Он постарался вернуть мысли в рациональное русло.
«Надо проанализировать, — рассуждал он дальше, — как я додумался до всей этой абракадабры. Я съел слишком много лазаньи, прервал партию в покер, хотя у меня были приличные карты, и быстро пошел в ванную, чтобы принять таблетку.
Что-нибудь предшествовало этому?
Нет. Перед этим была полная солнца вселенная, в которой шумели и возились дети, мычали коровы, виляли хвостами собаки. В этой вселенной по воскресеньям после обеда мужчины подстригали лужайки для игры в лаун-теннис и смотрели по телевидению футбольные матчи. Я бы тоже мог вечно жить в этой вселенной. Ничего не замечая.
Если бы не галлюцинации Рэгла.
А в чем, собственно, заключаются его галлюцинации? Рэгл так толком ничего и не рассказал.
Но они в чем-то схожи с тем, что произошло со мной. Рэглу кажется, что он непонятным образом проходит сквозь реальность мира, сквозь какую-то расширяющуюся дыру.

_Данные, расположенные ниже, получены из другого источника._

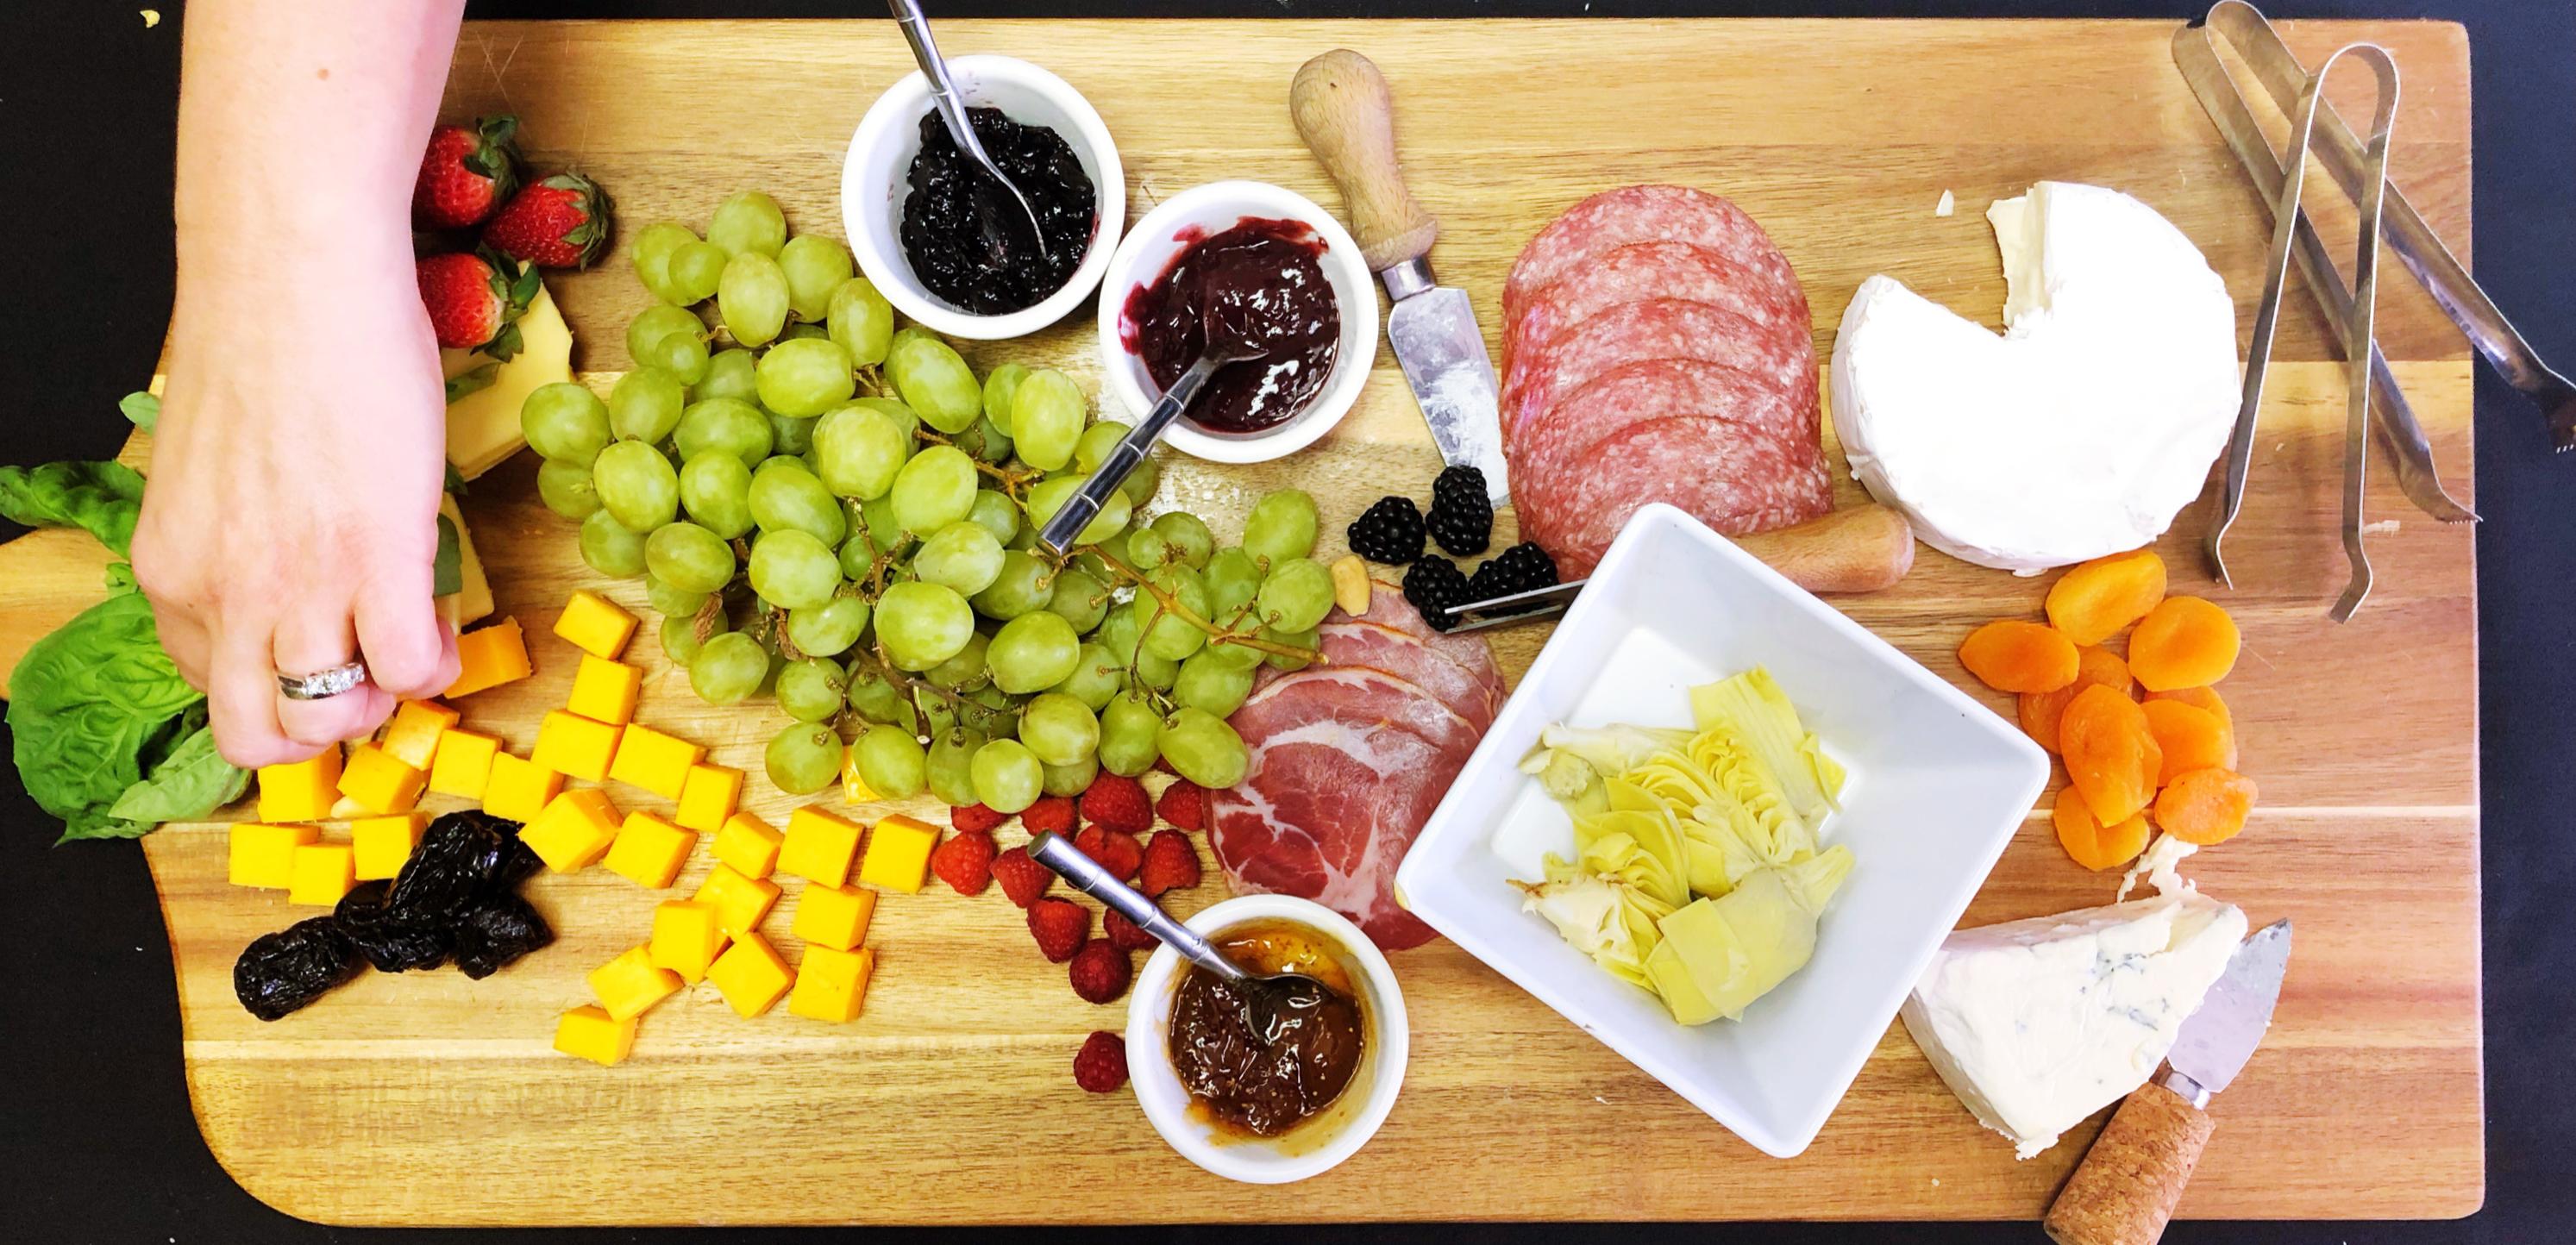 Charcuterie & International Cheese Variety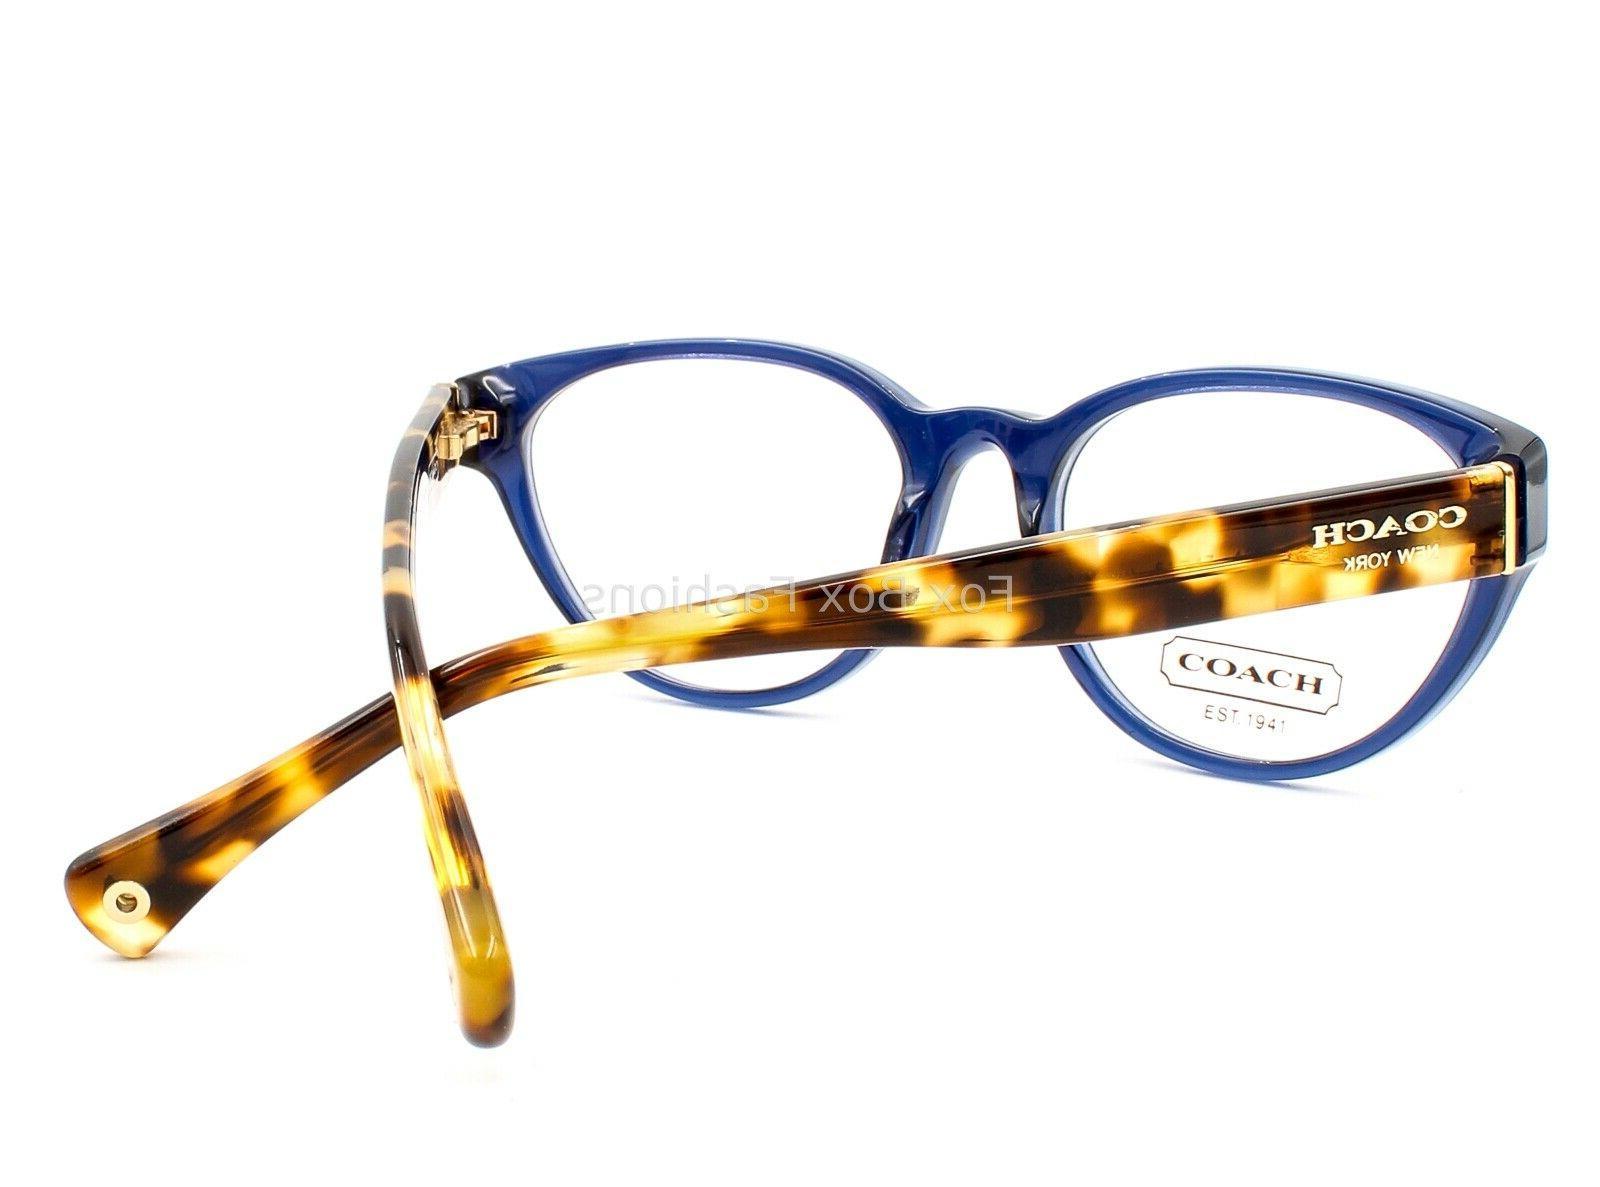 COACH 6039 5110 Baily Frame Glasses Navy & 51-17-135

Или что он поставлен кем-то перед открывающимся впереди провалом, бездонной пропастью.
Мы можем соединить вместе все, что знаем о действительности, но это не приблизит нас к постижению истины. Мы не поймем ничего, кроме того, что „что-то не так“. Мы сумели определить исходную точку, но окончательного решения не знаем. Все наши рассуждения приводят только к тому, что это „что-то не то“ будет иметь серьезные последствия.
Пожалуй, мы сделали ошибку, что позволили Биллу Блэку унести телефонную книгу.
Что же нужно делать дальше? Проводить новые психологические эксперименты?
Нет. И одного вполне достаточно. Того самого, который бессознательно был проведен в ванной. А сегодняшний… В нем, кажется, больше минусов, чем плюсов, больше сомнительного, чем истинного.
Не надо мне больше этого раздрая. Я и так уже сбит с толку на всю оставшуюся жизнь. Разве мне что-нибудь известно наверняка? Возможно, Рэгл и прав: стоит достать толстые философские книги и начать зубрить епископа Беркли и… кто у них там еще есть?»
Познаний Вика в философии не хватало даже на то, чтобы припомнить еще какие-нибудь имена.
«Ну а если, — размышлял он дальше, — зажмуриться к чертовой матери так, чтобы видеть только расплывающуюся черточку света, и сконцентрироваться на этом идиотском автобусе, на усталых, неуклюжих женщинах с набитыми хозяйственными сумками, на болтающих школьницах и служащих, читающих вечерние газеты, на водителе с красной шеей — может быть, все они исчезнут? Скрипящее сиденье, вонючий бензиновый выхлоп каждый раз, когда автобус отходит от остановки, проклятая тряска, реклама на окнах… Может быть, улетучится все это?»
Он зажмурился и мысленно постарался растворить автобус и все, что в нем было. Он занимался этим минут десять и довел себя до полного оцепенения. «Точка отсчета, — подумалось ему смутно. — Концекграция на точке». Он сконцентрировал все свое внимание на кнопке звонка рядом со своим сиденьем. Круглая белая кнопка. «Ну, — подумал он, — растворяйся.
Растворяйся.
Раствор…
Раст…
Ра…
«
Он очнулся от толчка. Медленно возвращался к реальности.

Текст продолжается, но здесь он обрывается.